Morningstar's tribute to Jack Bogle
There has never been anyone who has given more to investors and taken less in return than Jack Bogle.
Kunal Kapoor: I remember Jack for many, many reasons, but most of all for his optimism and the fact that he really believed in helping the small investor and ensuring that that investor could have that great outcome that he or she was looking for.
Christine Benz: You could obviously fill books about Mr. Bogle's contributions to the financial services industry and to individual investors. I consider it one of the great privileges of my career that I got to meet Mr. Bogle through our annual Bogleheads Conference conversations. We would do video interviews. And I'll also say that as a young analyst reading Mr. Bogle, getting to know his philosophy was enormously clarifying to me as a young analyst. It helped shape the types of products that I would recommend, and also helped shape my career path. He was pro low-cost products of course, but he was also against so much of the complicated gobbledygook that Wall Street puts out. Hearing his philosophy was an incredible gift.
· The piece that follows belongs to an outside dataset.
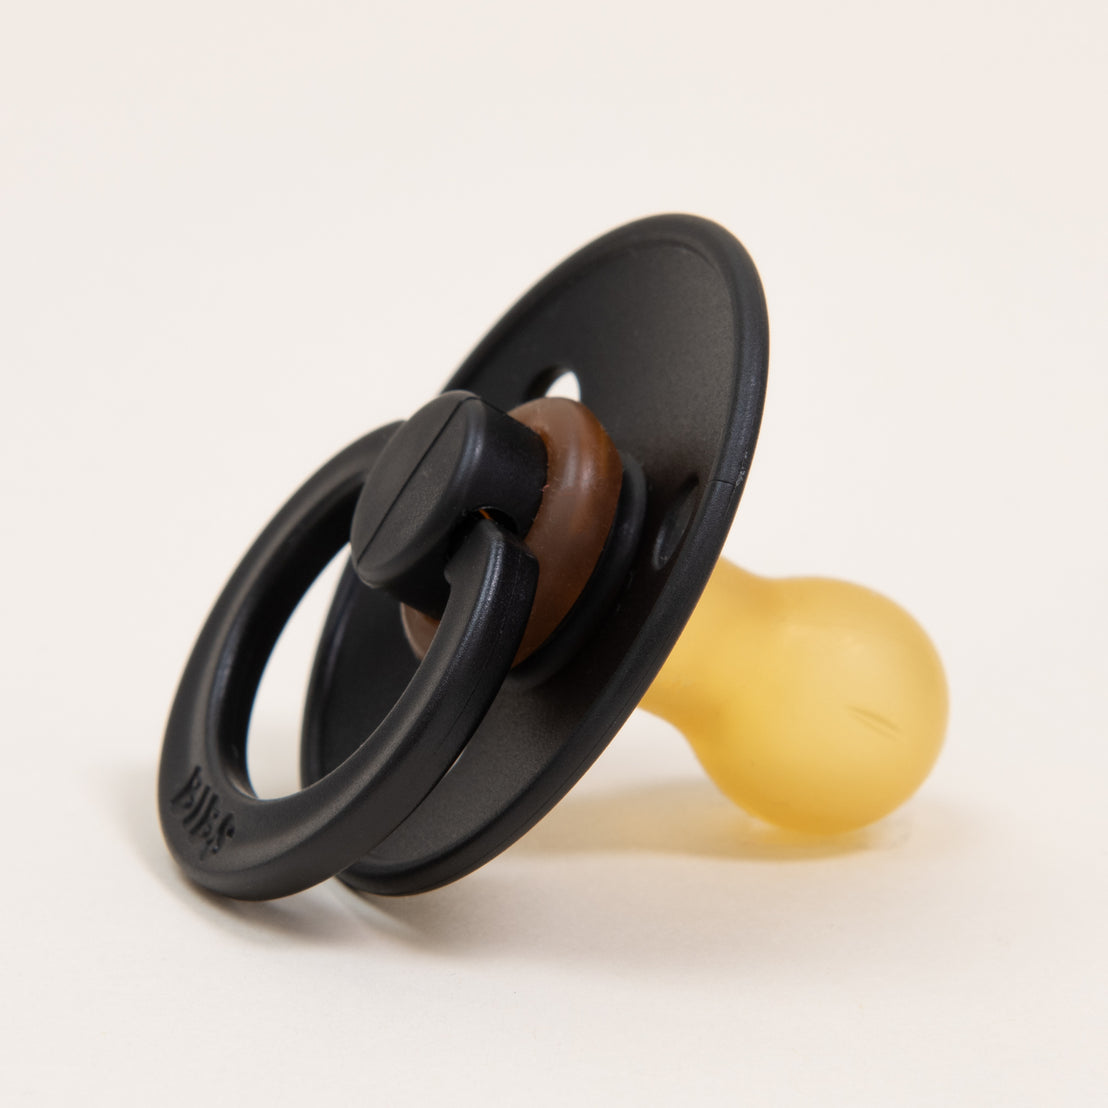 A close-up image of a Bibs Pacifier in Black with a translucent yellow nipple, placed against a plain light background.

Ben Johnson: I don't believe that there has ever been, nor will there ever be, anyone who has given more to investors and taken less in return than Jack Bogle.
Jeff Ptak: His premise was the more that we can save investors, the more that ends up in their pockets, the better the outcomes they achieve. The fact that we now see millions of investors that are in index funds, including Vanguard index funds, I think stands as a towering monument to his legacy. It's immeasurable in the sense that Jack really changed the psychology of investing. His ethic was that you put the investor front and center where they belong. They don't subordinate to other business interests.
Instead you win when they win. That was not conventional wisdom in the industry some years ago when he was trying to popularize indexing and bring Vanguard up, and yet he inverted the psychology of the industry. He enshrined a new standard that put the investor front and center. I think we owe a lot to Jack, because now we see that sort of ethic, that sort of standard being table stakes in the industry. I think that all investors--not just Vanguard investors--all investors are better off for Jack's efforts. He's had an enormous impact, both in measurable and immeasurable ways.
Laura Lutton: One of the things that's so impressive about Jack Bogle was his unrelenting focus on the end investor, and he maintained that focus despite serious health issues and dust-ups along the way with other executives at Vanguard and so forth. I think when we look at the impact that he's had across his life, it's really tremendous, and we all have him to thank for that.
Alec Lucas: He didn't just pioneer the first index fund. He helped investors in all kinds of ways that get less recognition. He pioneered closure of funds to help protect current shareholders. He was an advocate in simplifying the language of prospectuses so that your average investor could understand them and make intelligent choices. He was a tireless advocate for others, and he will be sorely missed.